The analysis of unstructured data types is another challenge getting attention in the industry. Unstructured data differs from structured data in that its format varies widely and cannot be stored in traditional relational databases without significant effort at data transformation. Sources of unstructured data, such as email, the contents of word processor documents, PDFs, geospatial data, etc., are rapidly becoming a relevant source of business intelligence for businesses, governments and universities. For example, in Britain the discovery that one company was illegally selling fraudulent doctor’s notes in order to assist people in defrauding employers and insurance companies is an opportunity for insurance firms to increase the vigilance of their unstructured data analysis.
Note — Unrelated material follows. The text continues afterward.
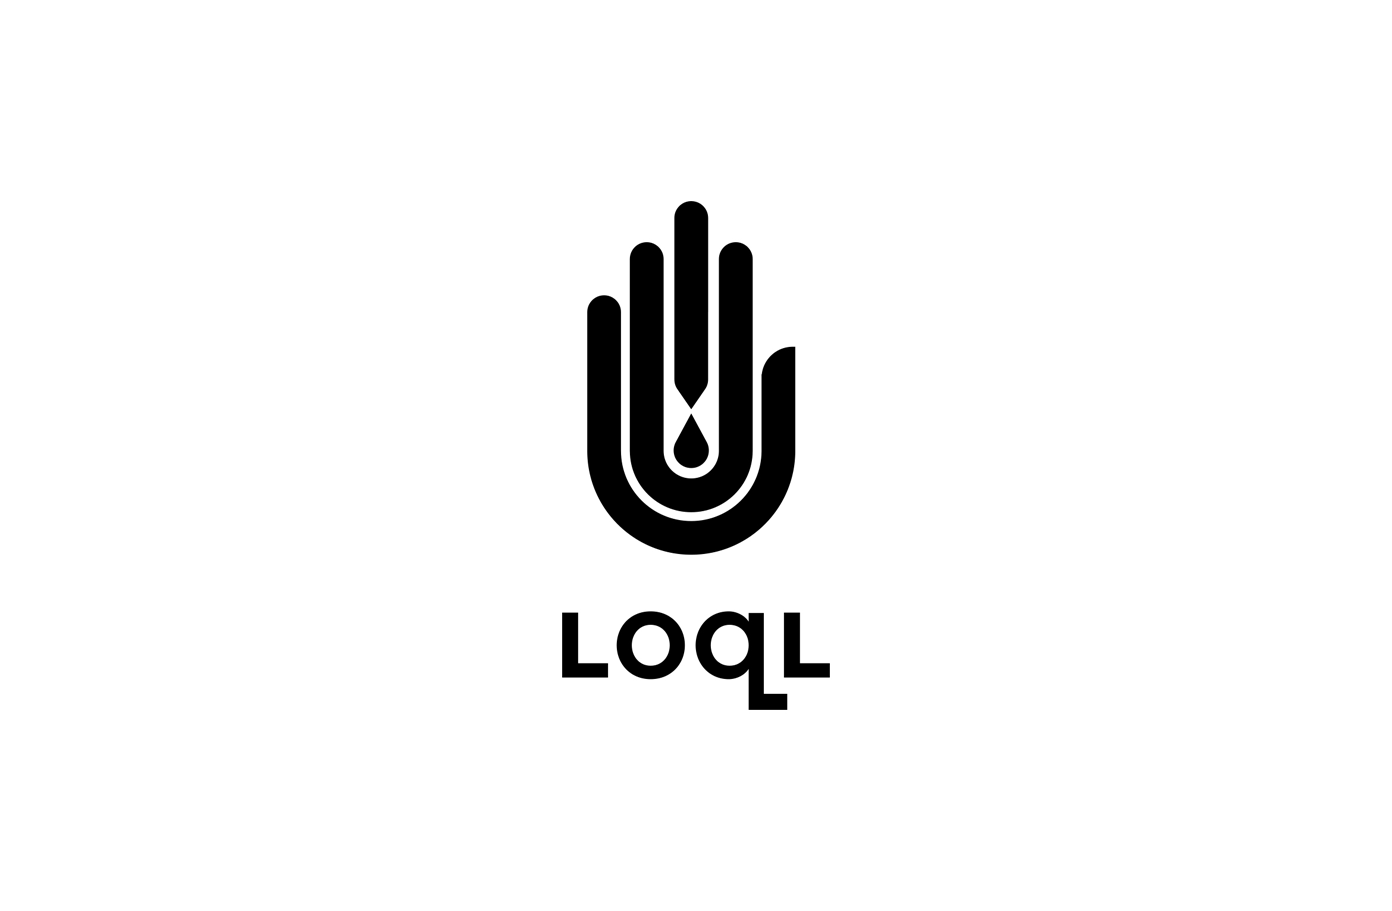 LOQL black on white logo design

These challenges are the current inspiration for much of the innovation in modern analytics information systems, giving birth to relatively new machine analysis concepts such as complex event processing, full text search and analysis, and even new ideas in presentation. One such innovation is the introduction of grid-like architecture in machine analysis, allowing increases in the speed of massively parallel processing by distributing the workload to many computers all with equal access to the complete data set.

Analytics is increasingly used in education, particularly at the district and government office levels. However, the complexity of student performance measures presents challenges when educators try to understand and use analytics to discern patterns in student performance, predict graduation likelihood, improve chances of student success, etc. For example, in a study involving districts known for strong data use, 48% of teachers had difficulty posing questions prompted by data, 36% did not comprehend given data, and 52% incorrectly interpreted data. To combat this, some analytics tools for educators adhere to an over-the-counter data format (embedding labels, supplemental documentation, and a help system, and making key package/display and content decisions) to improve educators’ understanding and use of the analytics being displayed.